A pragmatic example of the working style: when test data proved insufficient during development of the new Performance Attribution, the team quickly recognised that strict separation of development and production databases was causing more harm than good. Read-only access to the production database was perfectly sufficient for development and avoided the costly synchronisation process. All stakeholders were brought to the table, the problem was solved pragmatically — and development could immediately continue with current, complete data.
Collaboration at every level
The transformation was steered directly with the CTO and the Managing Director and founder. This direct line was critical for fast decisions and clear priorities. At the same time, personal exchange with employees at every level and in every department was a constant part of the work.
Not all team members could carry the migration. In Application Development, individual positions in the 10-person team had to be restaffed — a painful but necessary step that was communicated openly.
Results
Deployment frequency: from 3 months to 3 weeks
New applications and updates could be rolled out with quality assurance in a fraction of the previous time. Bug fixes and minor changes were implemented, tested and live within days.
A shared language
Research, Portfolio Management and Application Development worked in the same technology stack for the first time. Prototypes from Research could be directly continued without complete reimplementation.
Empowered knowledge workers
Portfolio managers validated their own hypotheses independently. The business created and maintained their own report templates without IT dependency. Analysts worked more efficiently with modern tools.
ESG capability
The modernised platform enabled faster and more transparent integration of ESG data into investment decisions — a fundamental requirement that the old stack could not have met.
Success factors and lessons learned
Migration always takes longer than expected. Technical migration is manageable. The human factor — habituation, relearning, acceptance — requires more time than any technical project plan anticipates. Providing patience and trust at the right moments was one of the most important tasks.
Personal credibility is non-negotiable. In a role as external lead over three years, you must convince not only technically but also build trust as a person. The willingness to communicate directly at every level — from managing director to junior developer — was decisive.

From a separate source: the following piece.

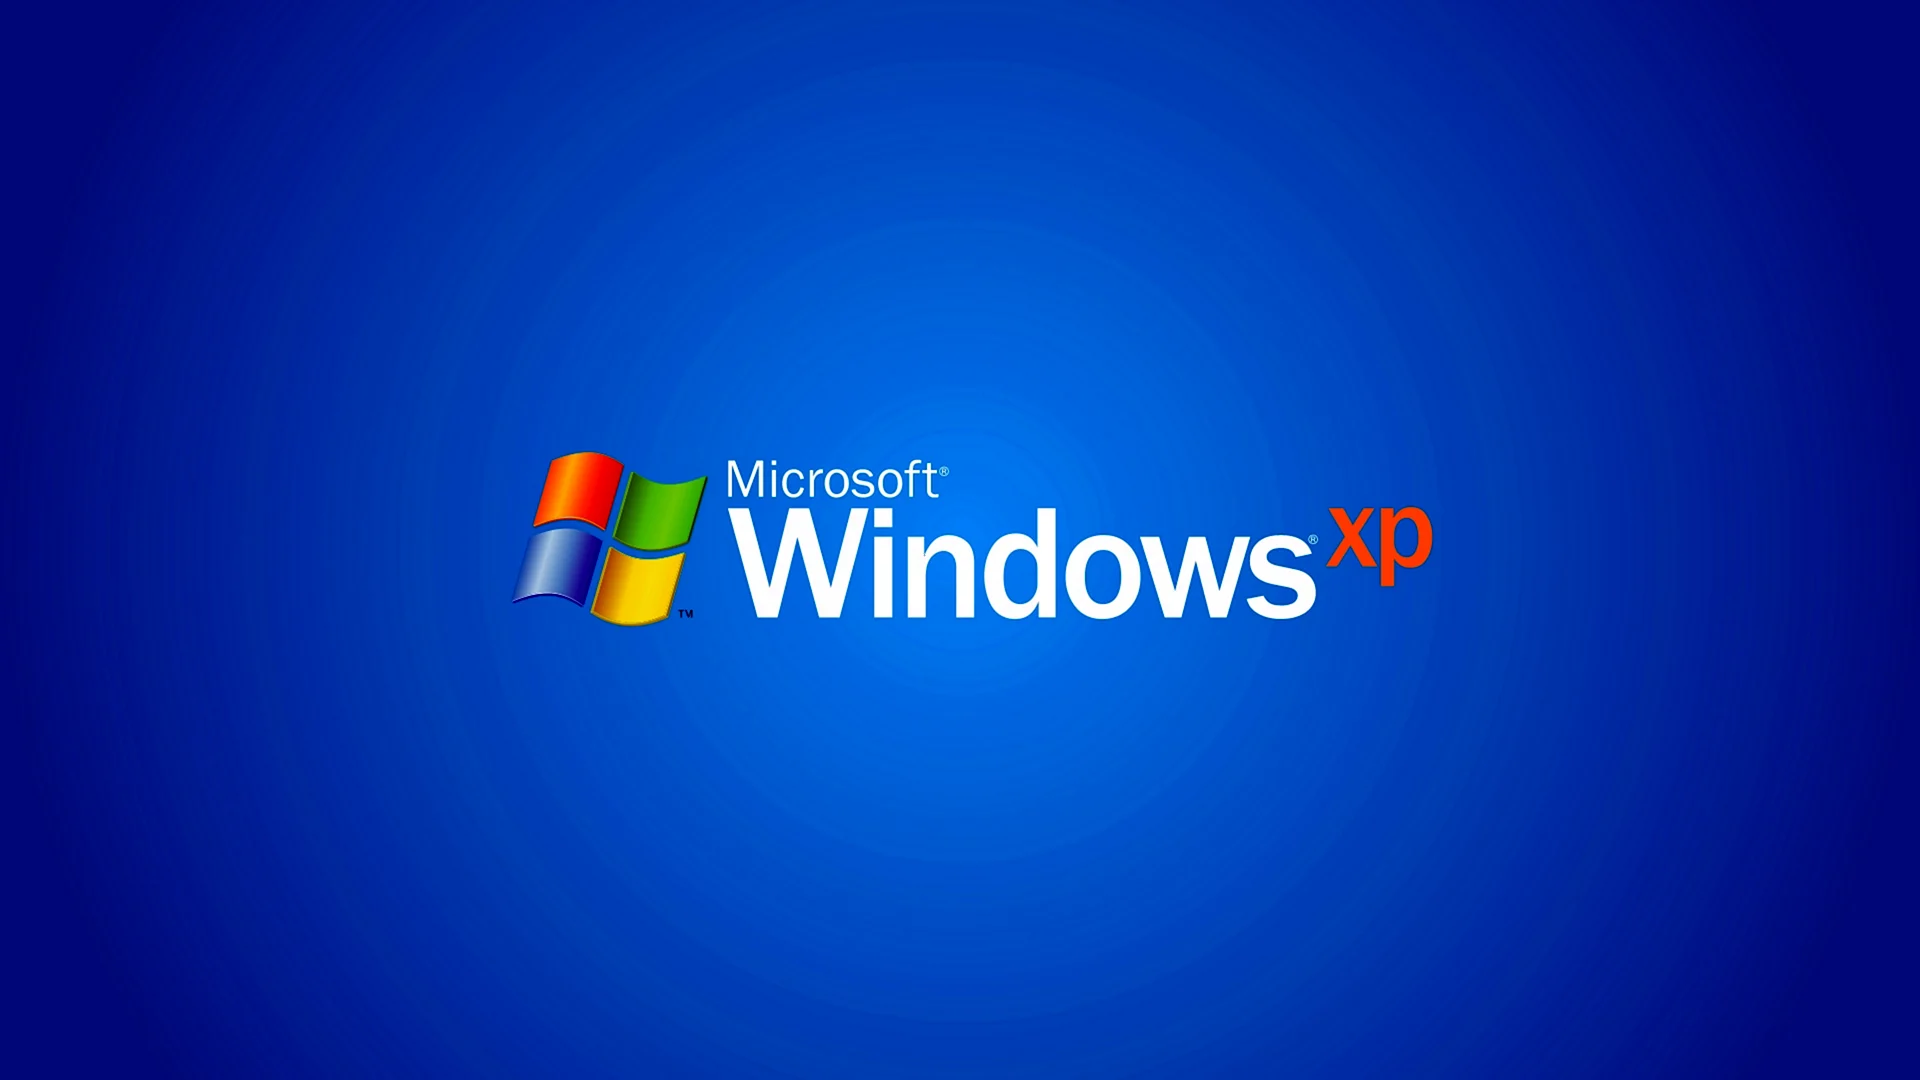 Виндовс XP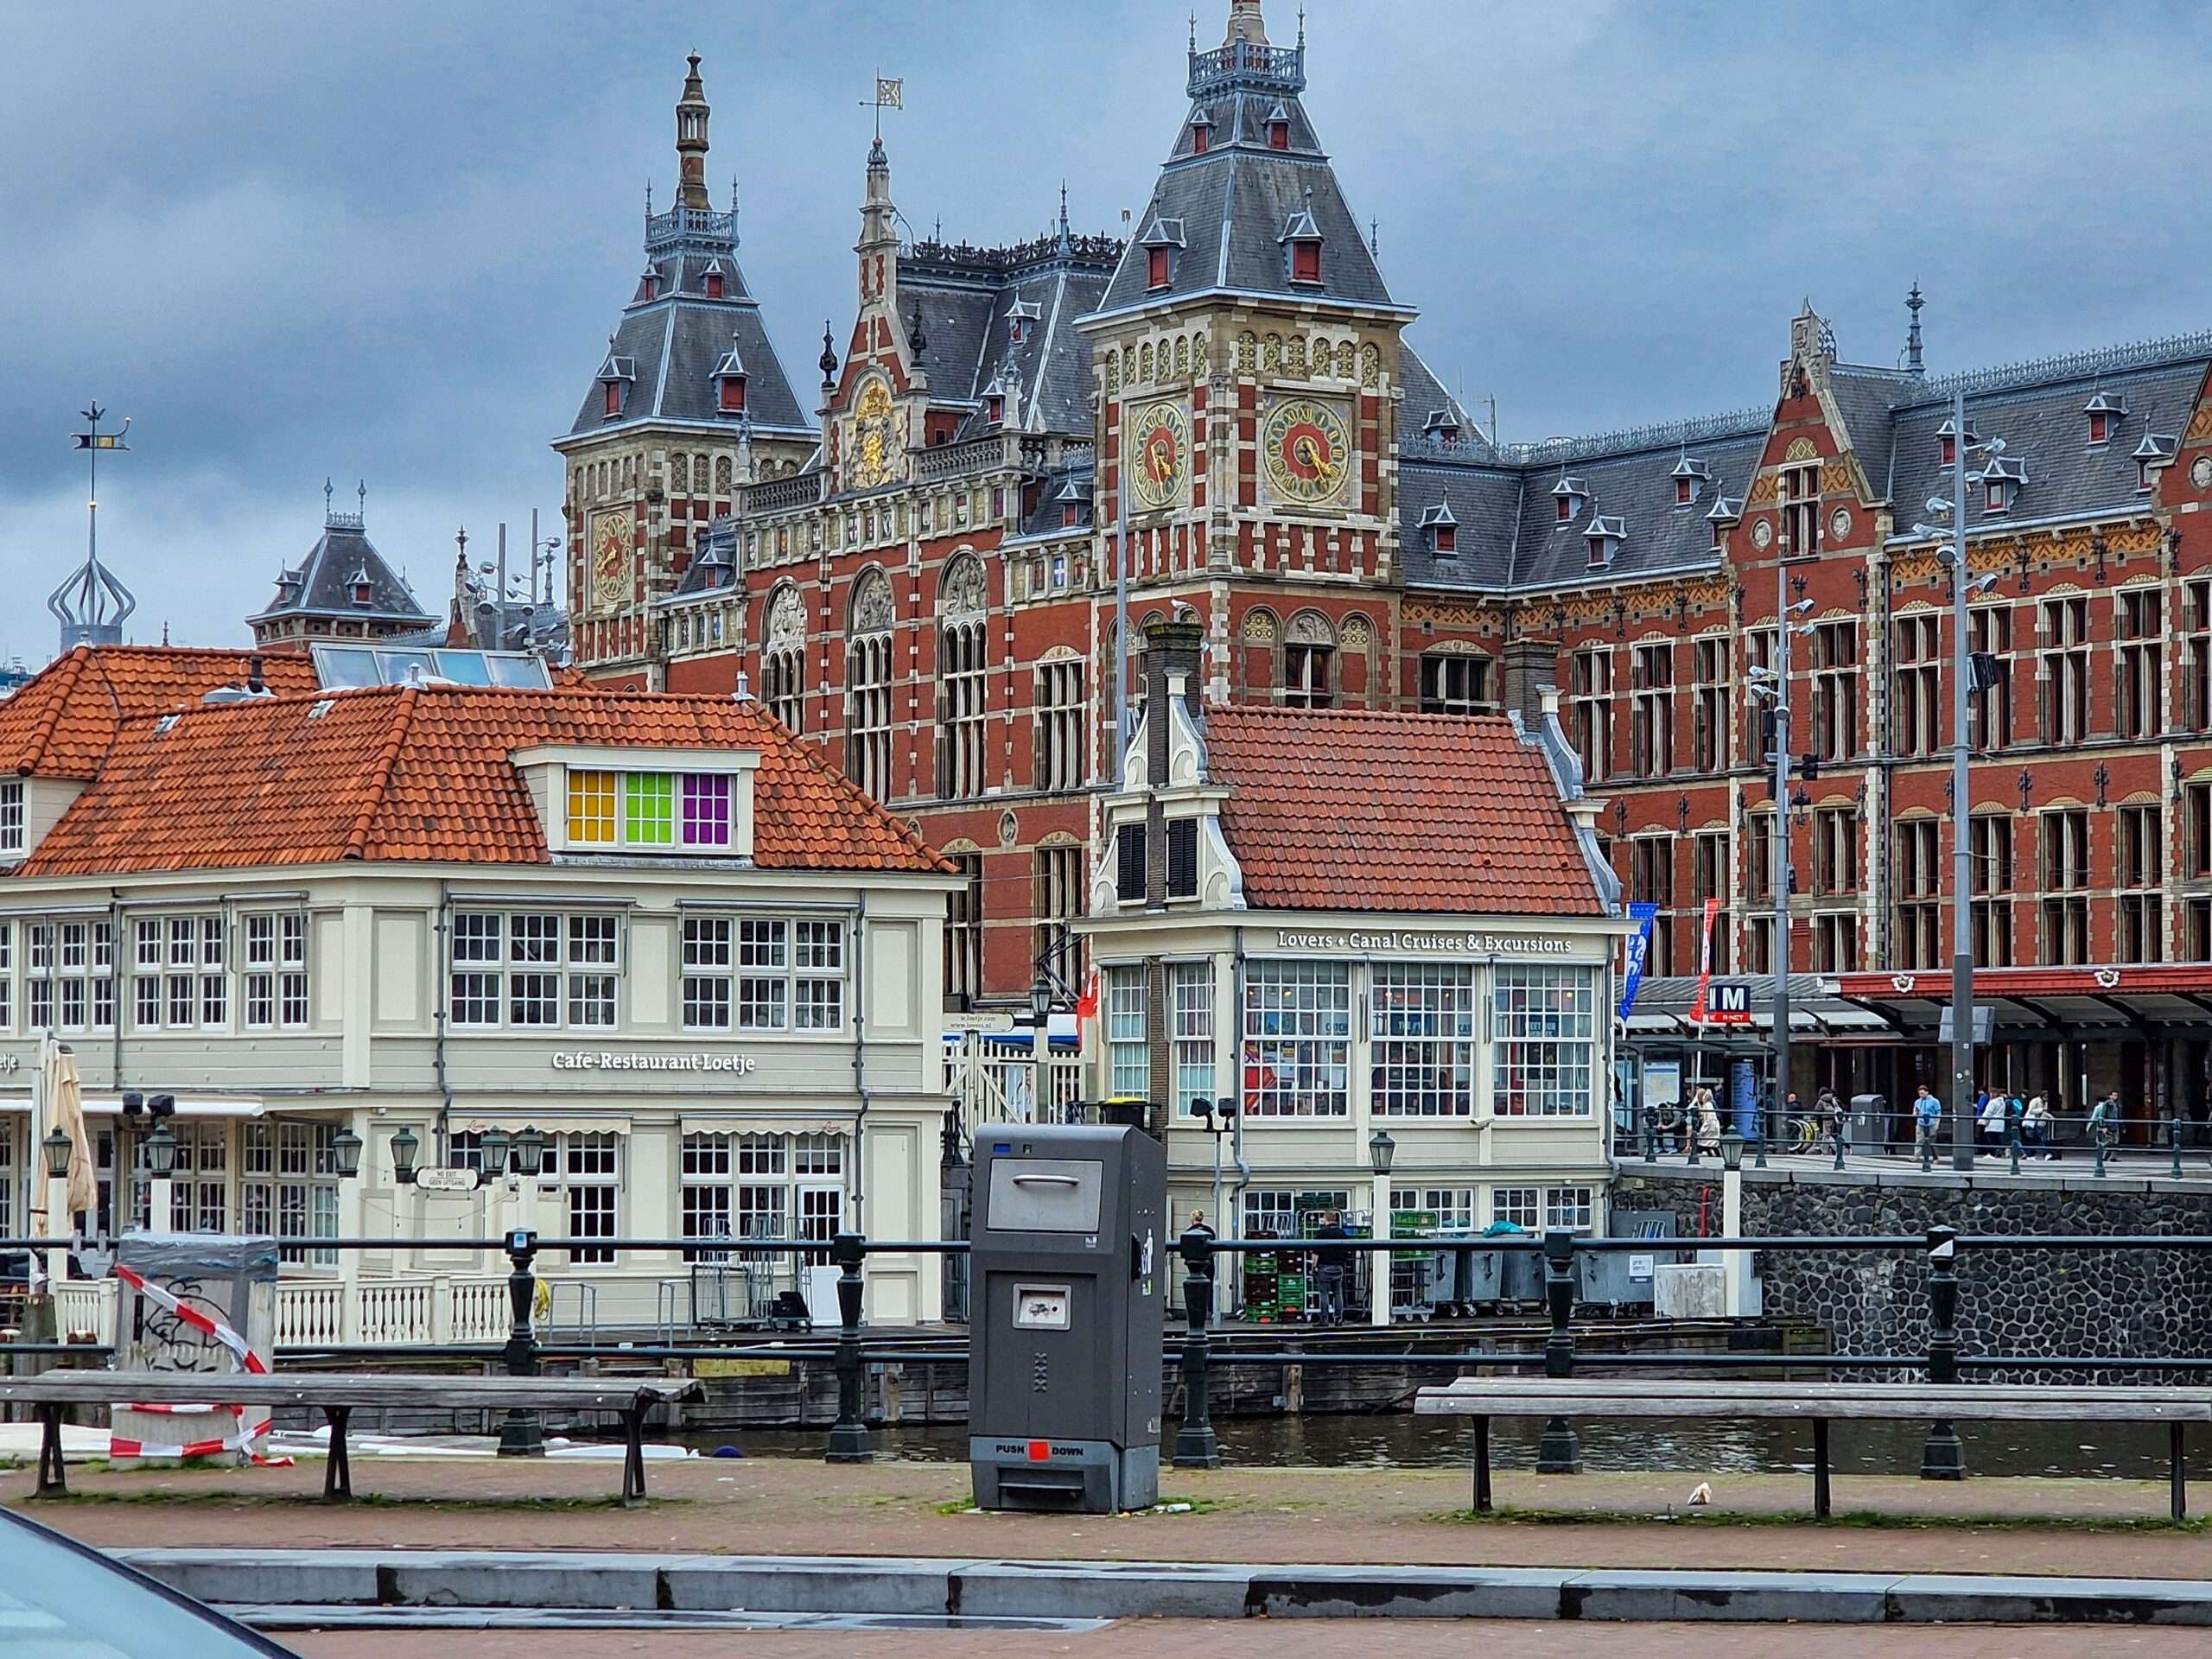 słynna restauracja w Amsterdamie ze słynnym dworcem kolejowym w jej tle

Pragmatism beats process. Questioning established separations and processes — as with read-only access to production data — not only saves time but signals to the team: we solve problems rather than manage processes.
Some changes require personnel consequences. Not all employees can or want to carry a fundamental technological transformation. Communicating this openly and acting early is fairer than a creeping overburdening.
Standardisation is the key. A shared programming language, standardised data models, unified development processes — these seemingly boring decisions are what enable the speed and flexibility an organisation needs.
What infrastructure has to do with investment outcomes
Quantitative strategies are only as good as their data foundation. Model on flawed inputs and you reliably get flawed outputs — regardless of how sophisticated the algorithms are.
The real value of this transformation was not the faster deployment cycle. It was the return to the core question: what is our actual source of judgement — and does our infrastructure live up to that standard?
The migration to the Python stack did not just modernise our technical foundation — it changed how our departments collaborate. The fact that Research and Development now speak the same language has fundamentally changed our pace of innovation.
— Chief Technology Officer
This case study describes an anonymised client project. Industry and company context are accurately represented; identifying details have been changed.